Маша прочитала, обрадовалась — и заплакала, снова перечитала эти строки и вдруг поняла, что у нее есть дом, где ее ждут и где пропасть не дадут. В ней забрезжила надежда на окончание ее мытарств… Что ж, в деревне сейчас каждый может ткнуть ей в глаза ее позором, но ребенка-то у нее никто не отнимет, и к тому же она будет дома, дома!
Выписавшись вскоре из больницы, она отправилась с ребенком прямо на пристань, а там, дождавшись теплохода, с замиранием сердца ступила на его железную палубу — как будто ступила на родную землю…
Ранним утром теплоход подошел к грубо сколоченной деревянной пристани, за которой, на угоре, возвышались до боли знакомые силуэты церкви и колокольни. Несмотря на ранний час, на пристани, опершись на перила, стояли любопытные пацаны и женки, встречающие теплоход "из города". Маша, обхватив покрепче ребенка и опустив глаза, заспешила мимо них на берег. Возгласы удивления подстегивали ее — "нашлась пропажа, да с приплодом", — ее узнавали, таращились, начинали обсуждать.

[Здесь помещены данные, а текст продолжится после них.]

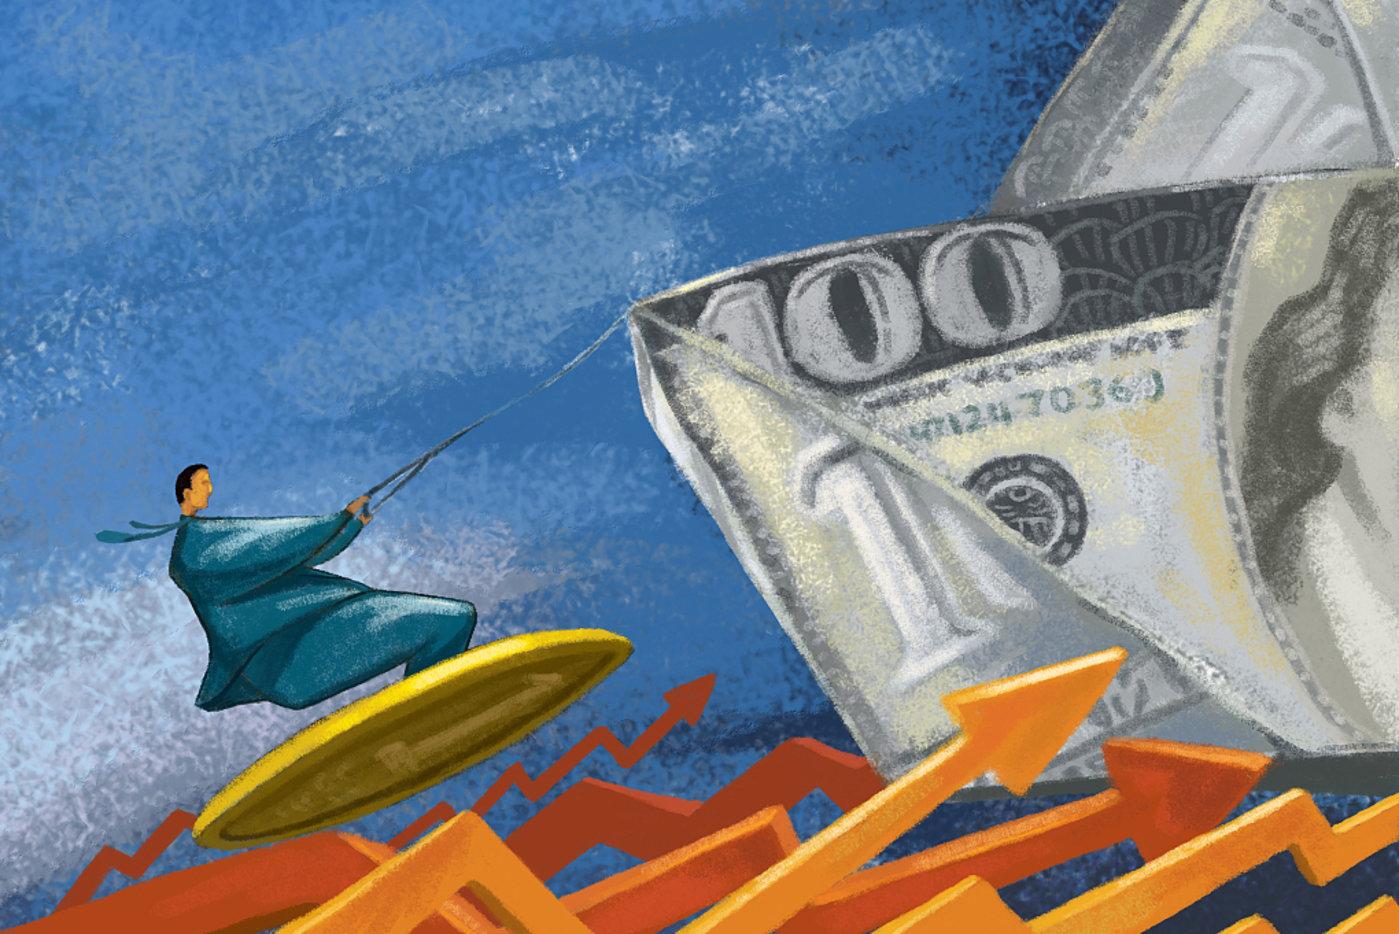 抛资产、频发债:新湖中宝求钱若渴200亿目标难完成

Угором она прошла вдоль деревни до сельсовета, взошла с бьющимся сердцем на высокое крыльцо, темными сенями прошла к материной каморке. Дверь была полуоткрыта. Потянув ее на себя, Маша переступила порог. Мать она увидела лежащей на кровати одетой, лицом вниз. "Пьяная заснула", — подумала Маруся с неожиданным приливом нежности. Но, подойдя ближе, она увидела, что мать лежит как-то неловко: рука отброшена в сторону под странным углом, ноги в ступнях вывернуты, на шее глубокий порез с развалившимися краями… Взвизгнув, Маруся отшатнулась, и тут увидела брошенный у кровати маленький топор, темнеющую бурым краем из-под кровати, запекшуюся лужу…
Обезумев от ужаса, чуть не выронив ребенка, Маруся бросилась вон, слетела вниз по ступеням, с нечеловеческим криком выскочила на улицу. Во дворе она налетела на председателя сельсовета Петра Ивановича, который шел на работу. Он схватил ее в охапку, встряхнул, посмотрел в ее обезумевшее лицо и, ничего не спросив, выпустил, бросился в дом, с опаской заглянул в каморку…
К сельсовету быстро стеклась толпа. Маша, сидя на завалинке с ребенком на руках, застланными мокром глазами смотрела, как из дома выносят на носилках недвижимую мать с раскинувшимися, свисающими с носилок ногами и руками, как кто-то в углу двора закапывает свернутое в узел окровавленное тряпье с кровати; слушала, как охают и причитают бабы, понося какого-то Давидка, который похаживал последнее время к сторожихе да и убил ее: "Он, кто же еще", — приревновав к какому-то заезжему забулдыге, по-звериному расправился с ней: ноги-руки вывернул, да на-последок саданул топором по башке — "да что ведь, далеко не уйдет, дома поди и спит, пьяница окаянный…"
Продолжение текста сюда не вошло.